Он обитал в небольшом коттедже в симпатичном пригородном поселке Чиктовага недалеко от аэропорта, и таксист без труда нашел нужный мне дом. Когда мы подкатили, Ежи ждал нас на крыльце. На нем были коричневые армейские ботинки, штаны цвета хаки и яркая желто-зеленая фуфайка с надписью "Боулинг-клуб «Синяя кегля» на спине, «Хлебобулочные изделия Клейнмана» на груди и «Джерри Пресс» на нагрудном кармашке. Он сидел в алюминиевом шезлонге, обтянутом желто-зеленой парусиной, держа в руке банку пива. По виду весил он килограммов сто двадцать, не меньше.

— Ты бы заранее меня предупредил, я бы тебя в аэропорту встретил. Хрен ли было тратиться на такси! Пива хочешь?

— Не откажусь.

— А девчонке что дать попить?

Минна сказала, что сойдет и пиво, а я возразил, что не сойдет, и спросил, нет ли у него молока. Нет. Тогда мы сошлись на кока-коле. Ежи Пжижешевский — или, на американский лад, Джерри Пресс — высосал четыре банки, пока я уговорил одну. Я заверил его, что он внесет неоценимый вклад в борьбу за независимость Польши, если переправит меня и Минну через канадскую границу.

— Чой-то я не просекаю, — озадаченно протянул он. — Тебе надо в Канаду?

— Верно.

— И куда ты собрался? В Торонто?

— Да. — Правдивая информация только усложнила бы все дело.

— Так что тебе мешает просто взять и поехать? — Ежи нахмурился. — Если тебе приспичило съездить в Канаду, ты просто едешь в Канаду. Садишься в машину и едешь. А если нет машины, ну, тогда садишься на автобус, или на поезд, или если у тебя времени в обрез, на самолет…

— Мы уже пытались, — ввернул я.

— И?

— Нас опознали. И депортировали.

— Депортировали?

— Да.

— Кроме шуток? Прямо так и депортировали? Из Канады?

— Да. И…

— Ты чо, коммунист или попутчик…

— Нет, конечно. Мы…

— Ну надо же! Из Канады депортировали! Матка бозка! И куда же они вас депортировали? В Италию?

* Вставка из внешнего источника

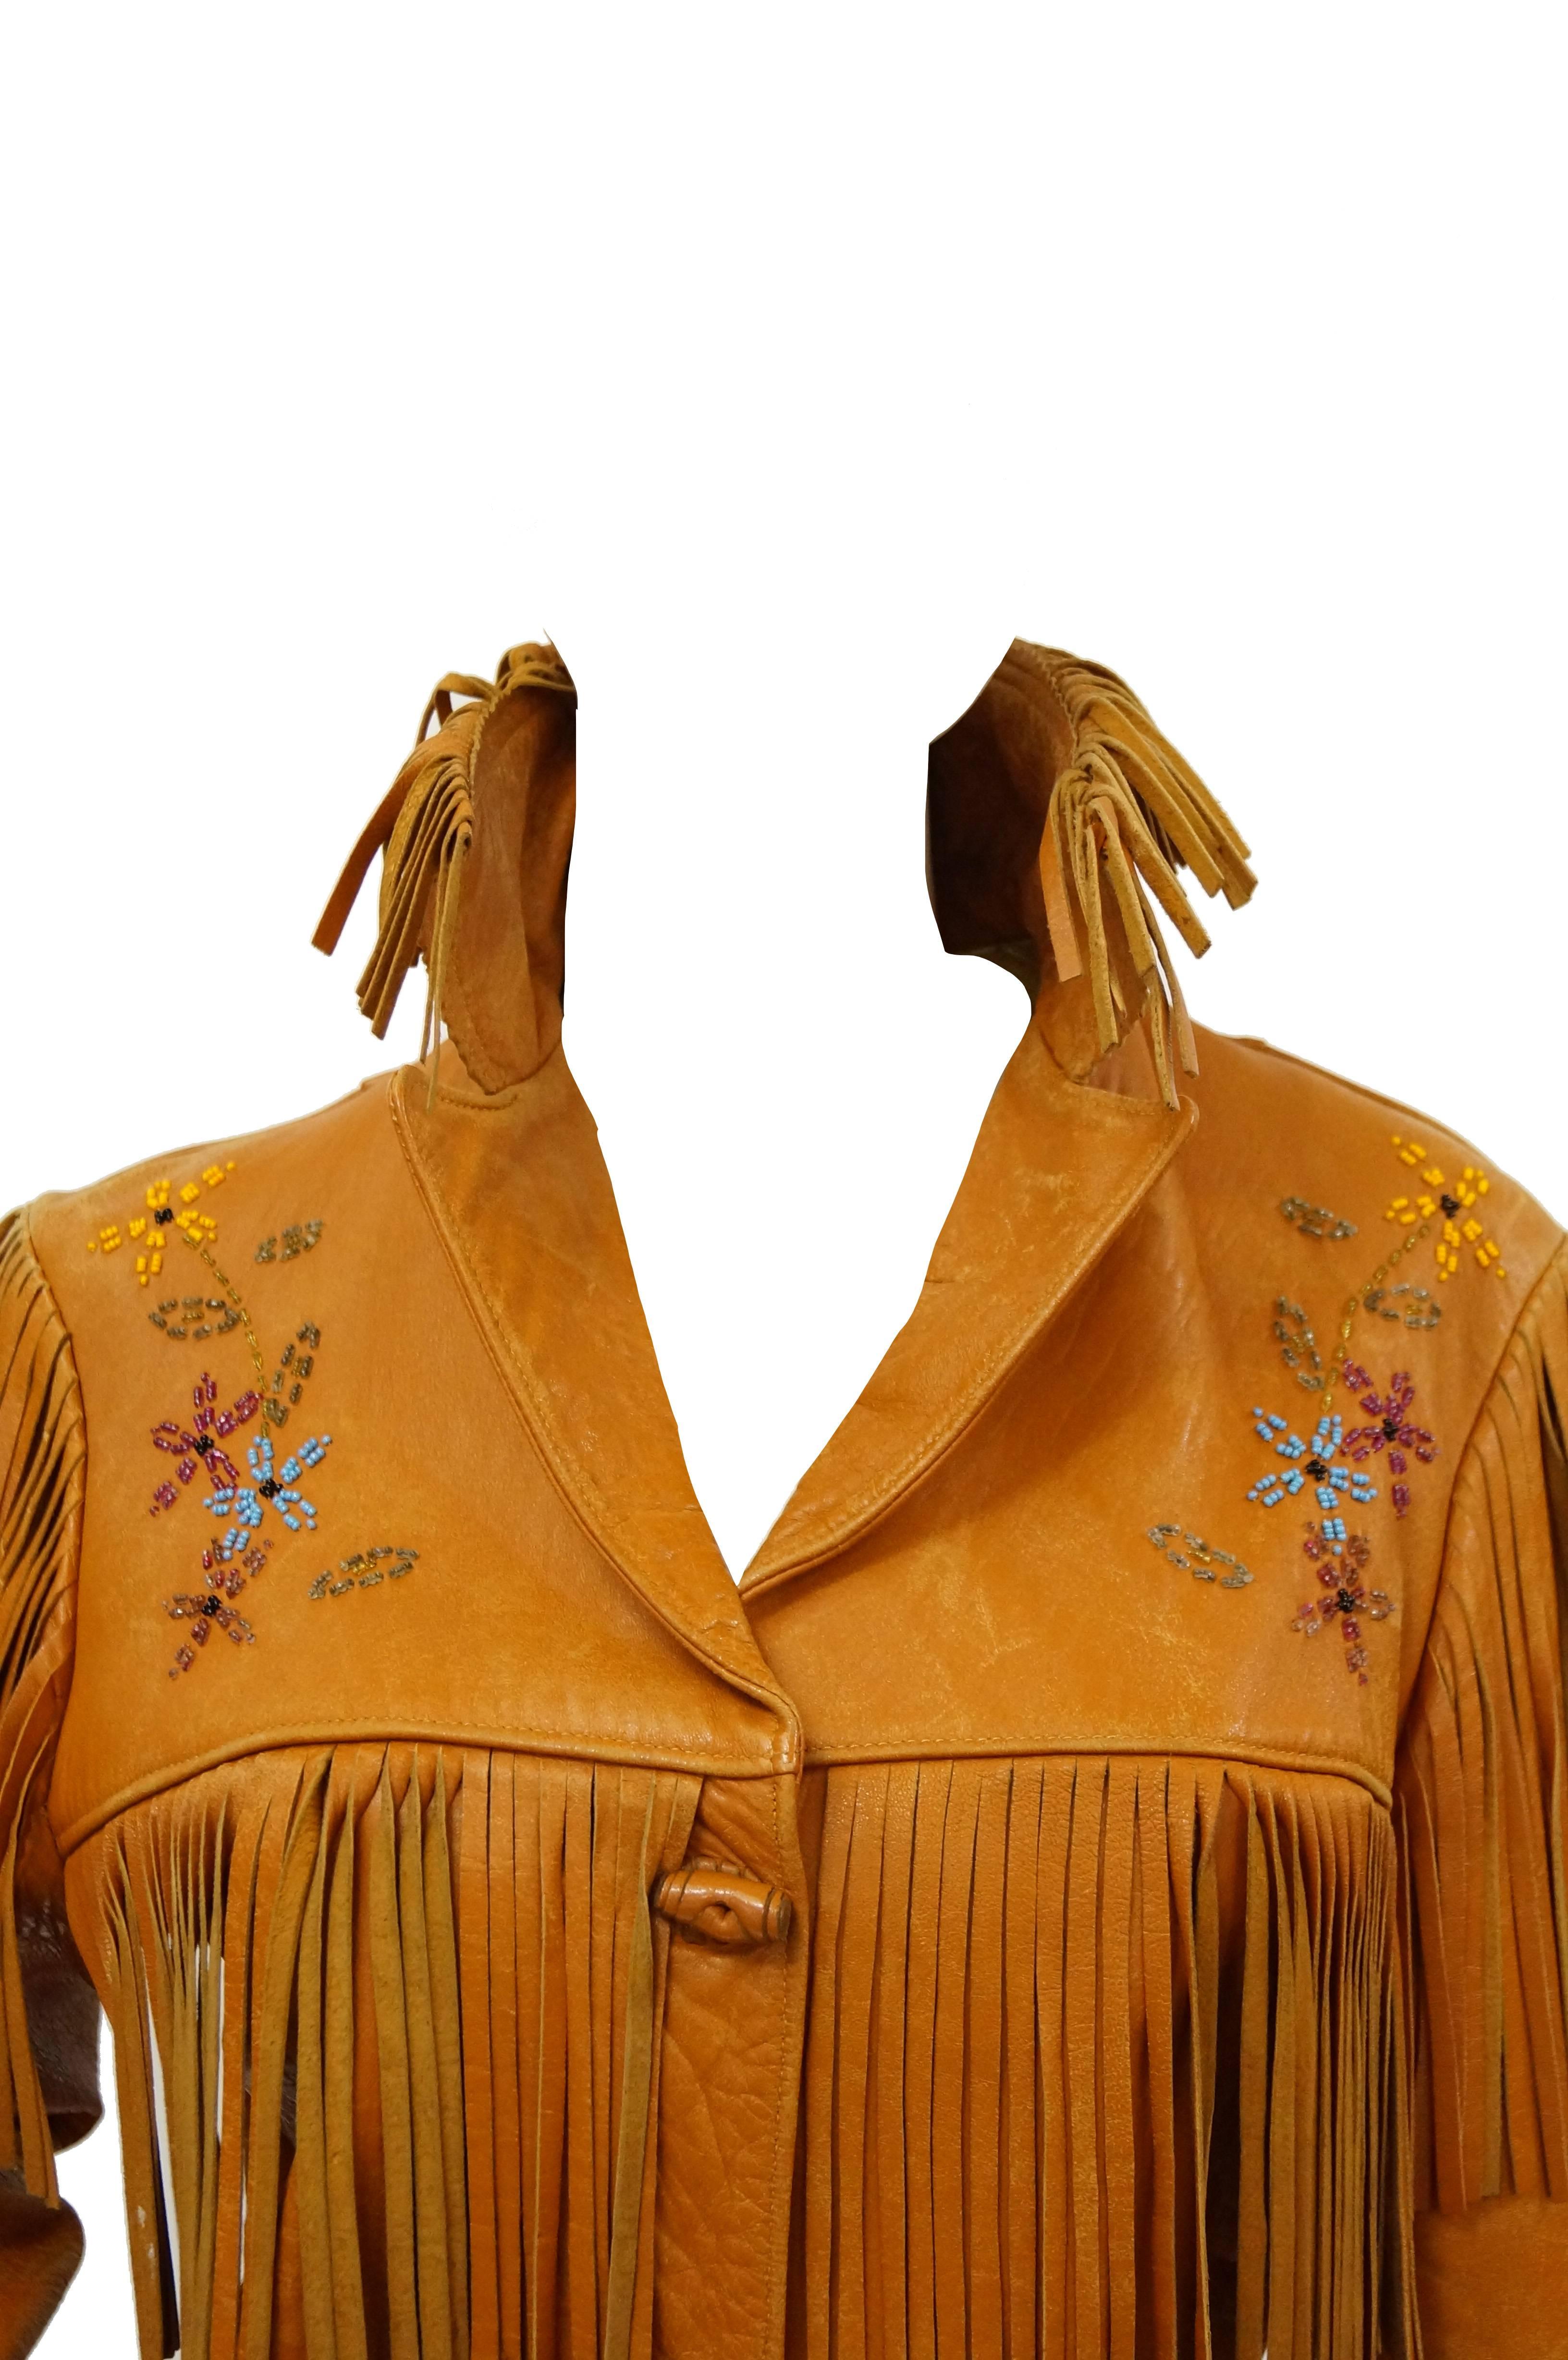 Orange Tan Leather Jacket with Fringe and Beading Detail, Early 1960s

Эта беседа начала меня утомлять. Преданность Ежи делу освобождения Польши носила преимущественно теоретический характер. Точно так же, как скучающие в казармах солдаты не становятся боевыми генералами, попивающие пиво боровы в фирменных фуфайках боулинг-клуба не в состоянии стать легендарными подпольщиками. Он был готов поднимать тосты за свободную Польшу за польских свадьбах, когда все прочие тосты уже провозглашены, чего, впрочем, на польских свадьбах никогда, наверное, не случалось. Да и само это освобождение Польши было тем общим делом, ради которого можно было проводить митинги и собирать пожертвования и чему баллотирующиеся от Чиктоваги кандидаты на выборах в конгресс клялись посвятить все свои силы, — словом, это было нечто такое, что все как один поддерживали, но во имя чего никто не собирался предпринять что-либо действительно полезное.

Вот и Ежи-Джерри возил в своем грузовичке свежевыпеченный хлеб, подстригал травку на своем газоне, пил свое пиво — и уж в этом деле был мастак! — но в отличие от большинства своих соплеменников он, надо отдать ему должное, водил дружбу с поистине пламенным революционером по имени Тадеуш. Вот только когда дело дошло до необходимости поднять свой жирный зад и предпринять какие-никакие действия, когда надо было срочно оказать необходимую помощь товарищу по революционной борьбе, тут его телом и душой овладела странная заторможенность.

Я никак не мог ему втолковать, что от него требуется. И лишь благодаря вмешательству Минны мы наконец сумели растормошить его размоченные в пиве мозги.

— Если мы как можно скорее не попадем в Канаду, — прошептала девочка, — они схватят нас прямо тут!

— Схватят здесь?

— За нами хвост, — пояснил я. — Если нас возьмут в Буффало…

— Хвост?

— Ну…

— Йезус Мария! — прошептал Ежи и с опаской бросил взгляд через плечо. Не знаю, почему: у себя за спиной он смог увидеть только дверь собственного дома. — Я не хочу ни во что такое вляпаться…

— Я просто не знаю, к кому обратиться. Ты наша последняя соломинка!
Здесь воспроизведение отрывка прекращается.